1. The increased cost associated with changes in the requirement which are themselves simply the result of the facts that (a) we do not live in a static world, and (b) even the most dedicated servicemen and women do not have calibrated crystal balls. These costs are identified, challenged and justified in a pretty rigorous manner as a matter of course.

2. The detail that the original cost has been taken by the press (and cynical people with axes to grind) to be "firm fixed prices" when they are usually either ROM prices or the raw cost before Risk. As a project progresses some of the risks occur and so the *spend* rises above the baseline *cost*, but only in so far as the original risk cost was not included in the press report. This is all understood by the people who matter - the contractors, the MOD (uniformed and civilian) and the Treasury, but is frequently wilfully misrepresented to the public by people with axes to grind.

3. The consequence of naive contracting - there have been cases where to reduce the "headline price" the MOD has elected to take ownership of all risks and only contract for the minimum baseline cost. This approach is actually allowed by the guidelines, but only where the contract has an initial "Risk Reduction" Phase before the full funding is committed. There have been times where this approach was taken but the MOD refused to have a Risk Reduction phase - MRA4 was a classical example.

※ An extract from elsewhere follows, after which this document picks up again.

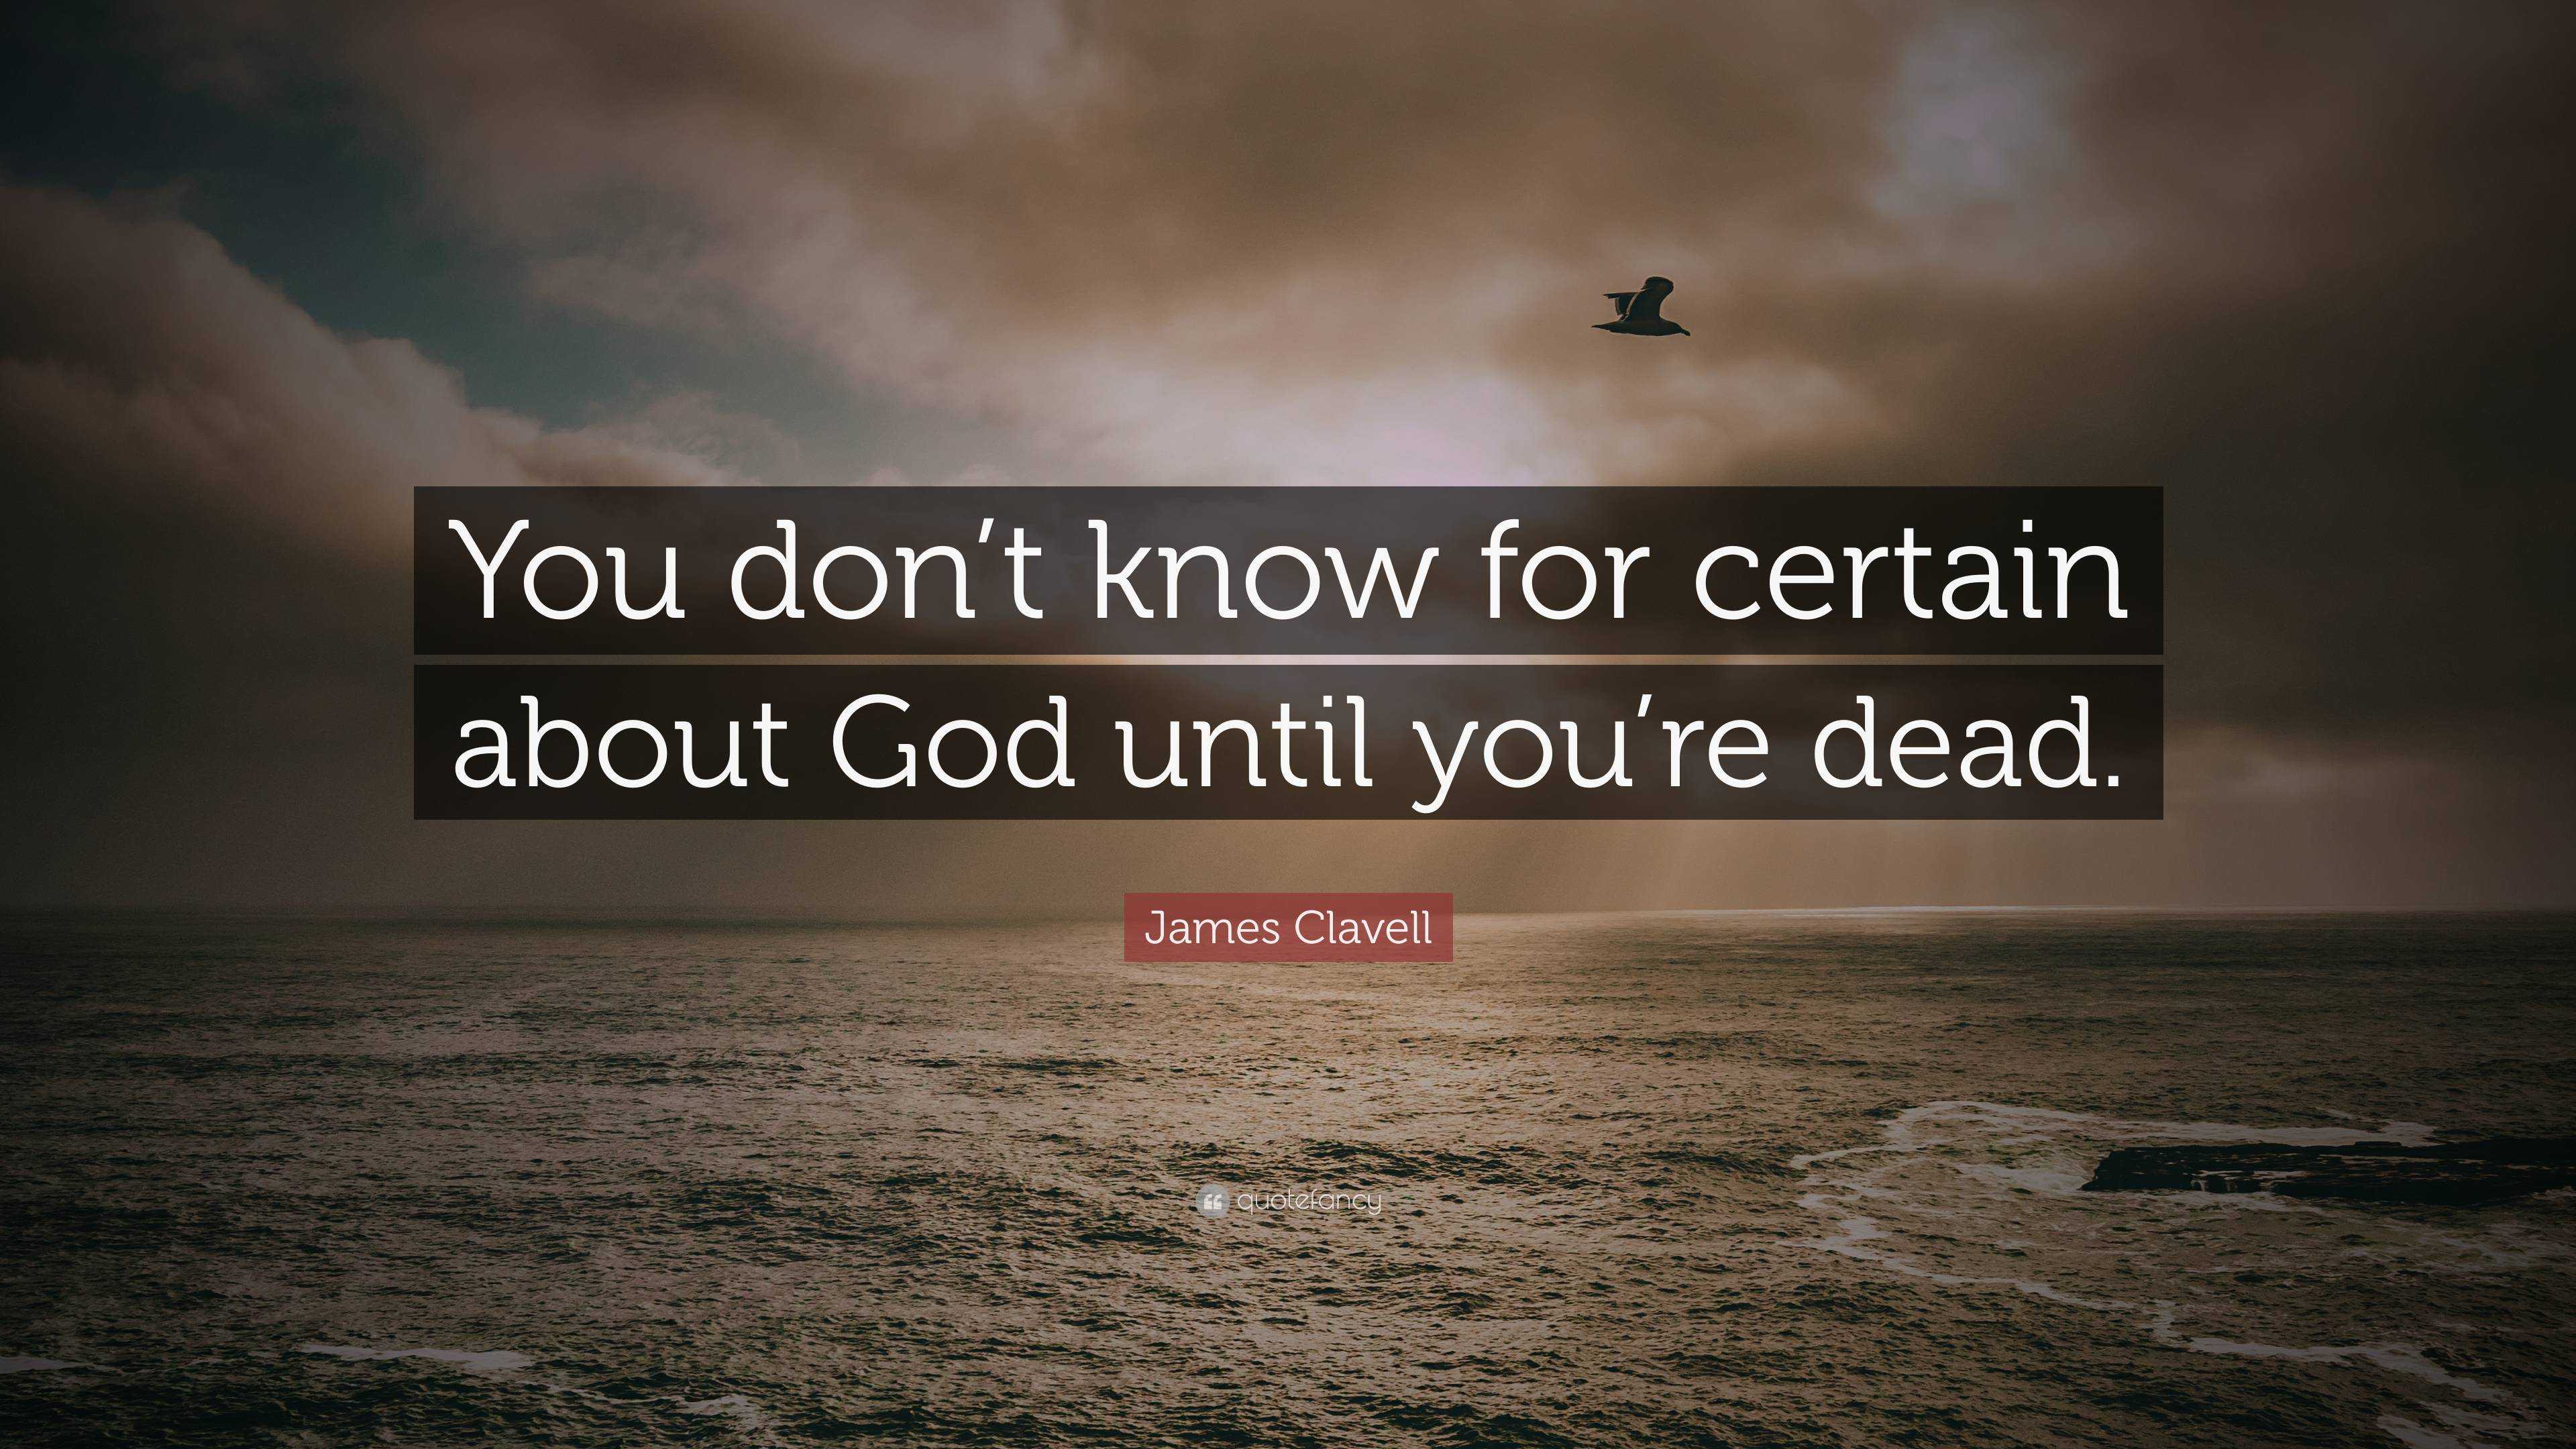 James Clavell Quote You Don T Know For Certain About God Until You Re Dead 2 Wallpapers Quotefancy

In this case the "cost overrun" would actually be more accurately described as "the true cost of what they were trying to achieve becoming apparent after contract award". If the contract has not been sold the risk content then the costs of those risks occuring vest firmly with the MOD - that's kinda the way it works.

4. Someone somewhere screws up. It happens, but in my experience it's comparatively rare. Even in these cases it's usually someone trying to do something for what they perceive to be the best of reasons, but not appreciating the magniotude of the task or its ramifications. The glass-cockpit Chinook and one service-engineered weapon system upgrade on the Jag would be examples of this. BAES screwed up to some extent on the MRA4 and Astute programmes, which is why they took those £800m losses on those projects.

But I would contend, based on experience from the inside, that in >>95% of the times where Something Goes Wrong in the UK it is the result of people trying to do the right thing but failing rather than neglect, incompetence, fraud or shady dealing. And even in those cases it is very often the case that the "Error" is only "obvious" with 20/20 hindsight - a detail which is invariably glossed over by the hecklers who criticise the work of others but have never actually delivered anything themselves.